Когда девушки ушла, Марк Ливий глубоко задумался. Дочь удивилась бы, если б узнала, что в какой-то миг отца посетило поразившее его самого желание: уступить. Неожиданно явившийся в дом молодой человек в самом деле любил Ливию: это было видно по смятенному выражению его лица, по блеску глаз, по тому, с какой взволнованностью он говорил о своих намерениях. Конечно, Ливия тоже его любила или думала, что любит, — ведь он был хорош собою, куда красивее Луция Ребилла. Но Марк Ливий не мог дать согласия на этот брак, причем по нескольким причинам. Прежде всего, он не представлял, как это дочь увезут неведомо куда: его внуки должны жить в Риме и только в Риме. Но это не было главным. Положение человека с республиканскими взглядами (о том, что Гай Эмилий сочувствует именно республиканцам, Марк Ливий узнал еще во время той памятной стычки на Форуме), без надежных связей не могло считаться безопасным, как бы он ни был богат. Сегодня ты имеешь деньги, рабов, земли, скот, а завтра начинается массовая конфискация в пользу военных или раздоры политических партий доходят до точки, и на тебя охотятся, как на дикого зверя.

Любовь… Марк Ливий не мог сказать, любил ли он когда-нибудь по настоящему. Он женился, когда ему было уже за тридцать, на пятнадцатилетней девушке. Он помнил наивно-доверчивое выражение лица своей супруги, ее восторженное преклонение перед ним: вероятно, он казался ей таким серьезным и умным! Он был для нее не только мужем, но и наставником, старшим товарищем, он давал ей советы, учил, как следует жить. До замужества она мало что видела, почти не покидала стен родного дома, не умела распоряжаться деньгами… Хотя ее наивность и непрактичность не раздражали, а скорее, умиляли Марка Ливия, он решил, что его дети будут воспитаны иначе. Через год Атия родила мальчика, но вскоре ребенок умер. Потом на свет появился Децим, следующим, через год, — снова мальчик, который, как и первый, не прожил и нескольких месяцев, и последней — девочка, Ливия, рожая которую, Атия истекла кровью. Тогда ей исполнилось всего двадцать лет. В иные моменты Марка Ливия терзало чувство вины: она была слишком молода, чтобы рожать так часто, она просто не выдержала. Но с другой стороны, так распорядились боги! В конце концов он тоже поплатился: что-то мешало ему обзавестись новой супругой, хотя наверняка нашлась бы добрая и великодушная женщина, которая приняла бы его детей, как своих, и была бы ему хорошей, верной женой. Как только речь заходила о браке, Марк Ливий невольно вспоминал чистую робкую улыбку Атии, юный блеск ее глаз, и что-то в его душе противилось этому шагу.

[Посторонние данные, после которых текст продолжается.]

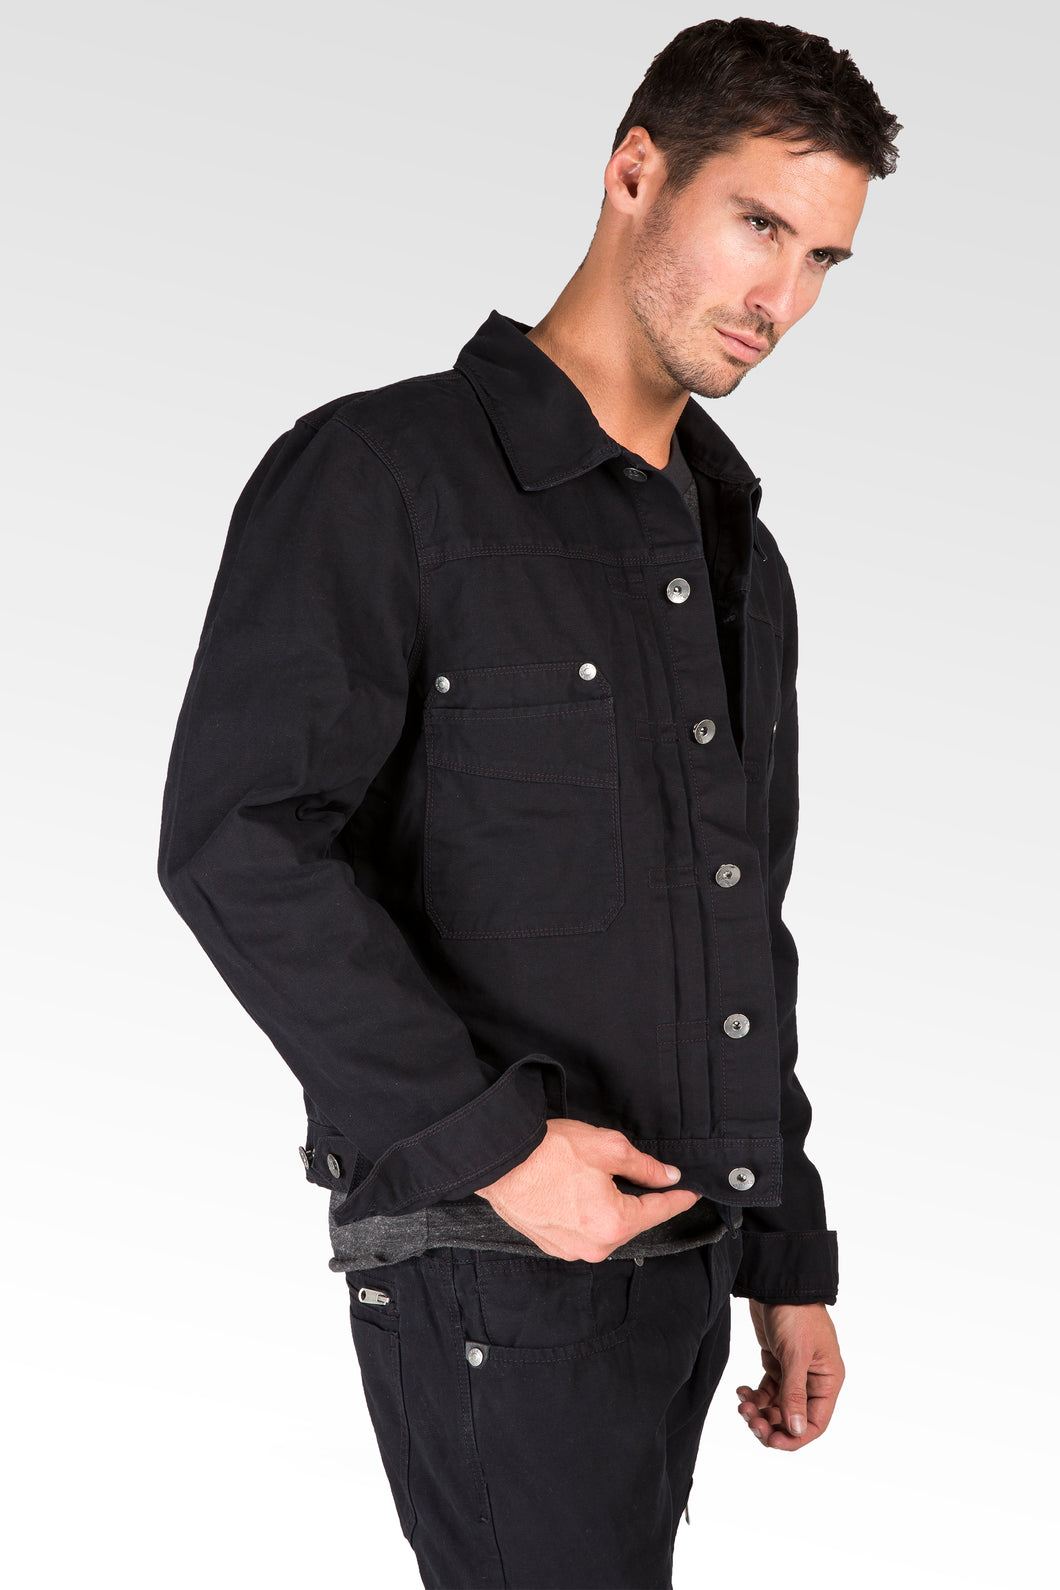 Level 7 Men's Black Canvas Trucker Jacket, 100% Cotton Rugged Wash
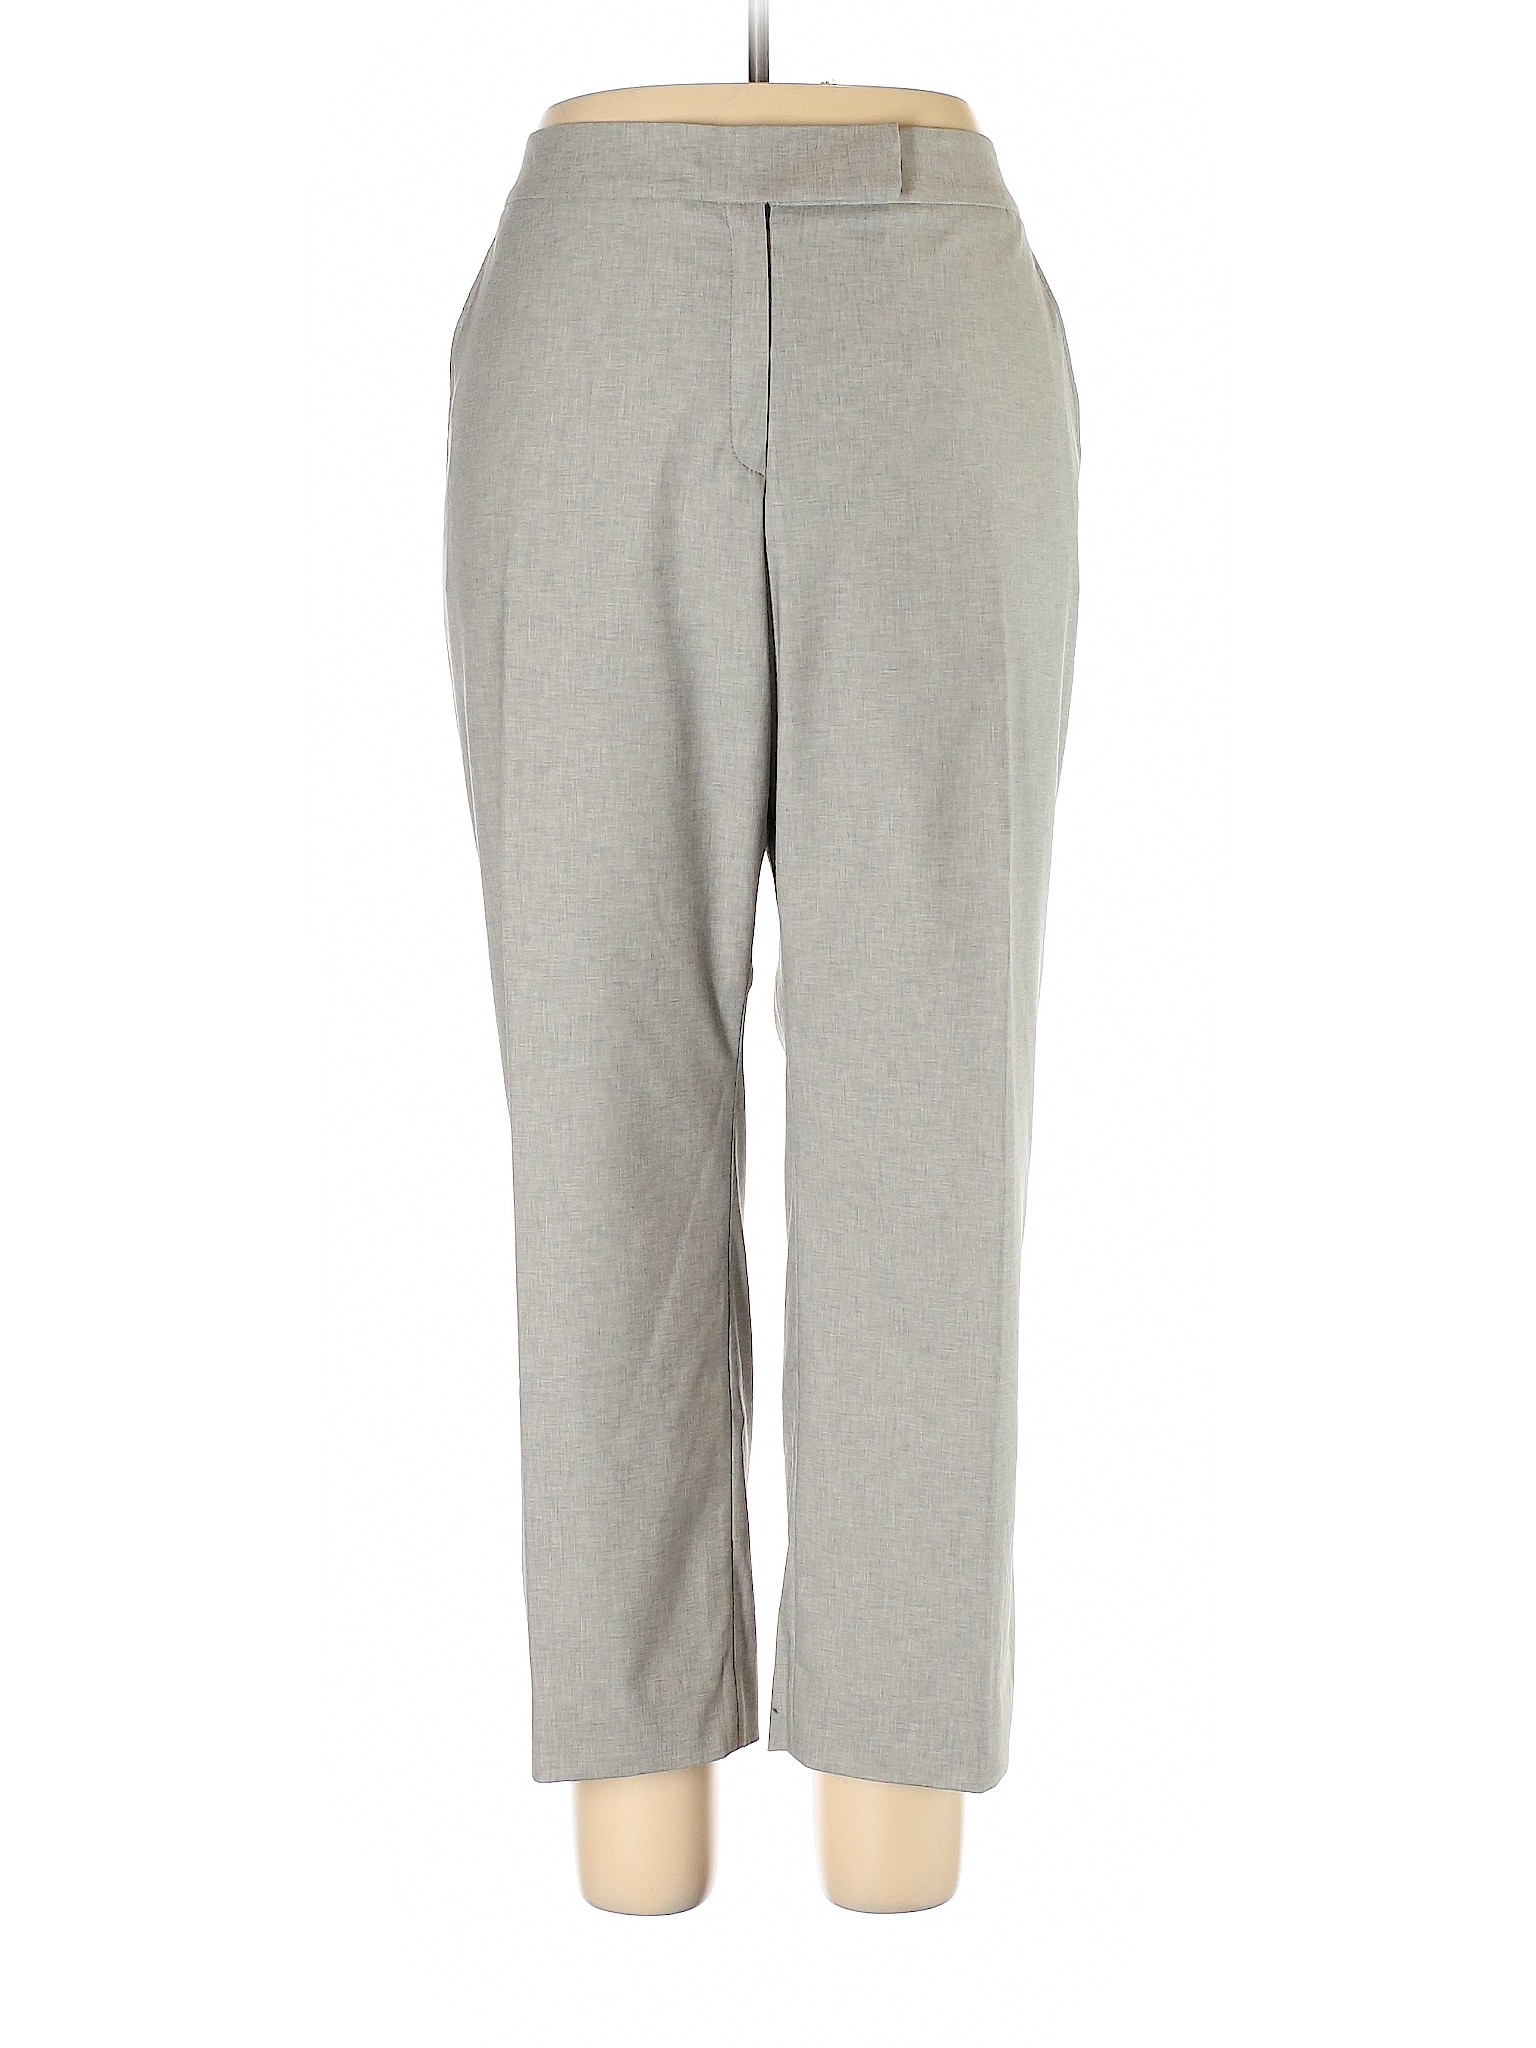 Faconnable Women Gray Wool Pants 14 | eBay

Он желал уберечь дочь от ударов судьбы, он подводил под ее жизнь такое основание, которое, согласно его воззрениям, не поддавалось разрушению. Он допускал, что Ливий придется немного пострадать (таков удел всех смертных!), зато впоследствии она не испытает тех жестоких разочарований, что опустошают и губят душу, заставляя человека утрачивать смысл жизни, ее путеводную нить. Будучи сторонником умеренности во всем, он воспитывал детей именно в таком духе: Ливия была образованна, но настолько, насколько это приличествует порядочной девушке, поскольку всякие излишества, будь то умение очень хорошо танцевать, совершенное владение каким-либо музыкальным инструментом или доскональное знание философских учений, способны вызвать настороженность окружающих. И тем не менее, несмотря на все усилия, в детях было нечто такое, что не поддавалось его влиянию: Марка Ливия раздражала вялость характера и несобранность сына, хотя (в чем он никогда бы не признался) ему нравилась мечтательная отрешенность дочери — это придавало ее натуре некое своеобразие и глубину. Хотя в отличие от своей покойной матери Ливия умела вести хозяйство, распоряжаться припасами, разумно тратить деньги, командовать рабами, она была по-своему непрактична: это доказывала история с Гаем Эмилием. Чуть было не погубить свою репутацию накануне свадьбы, к тому же избрать человека явно ненадежного, слабохарактерного и пустословного…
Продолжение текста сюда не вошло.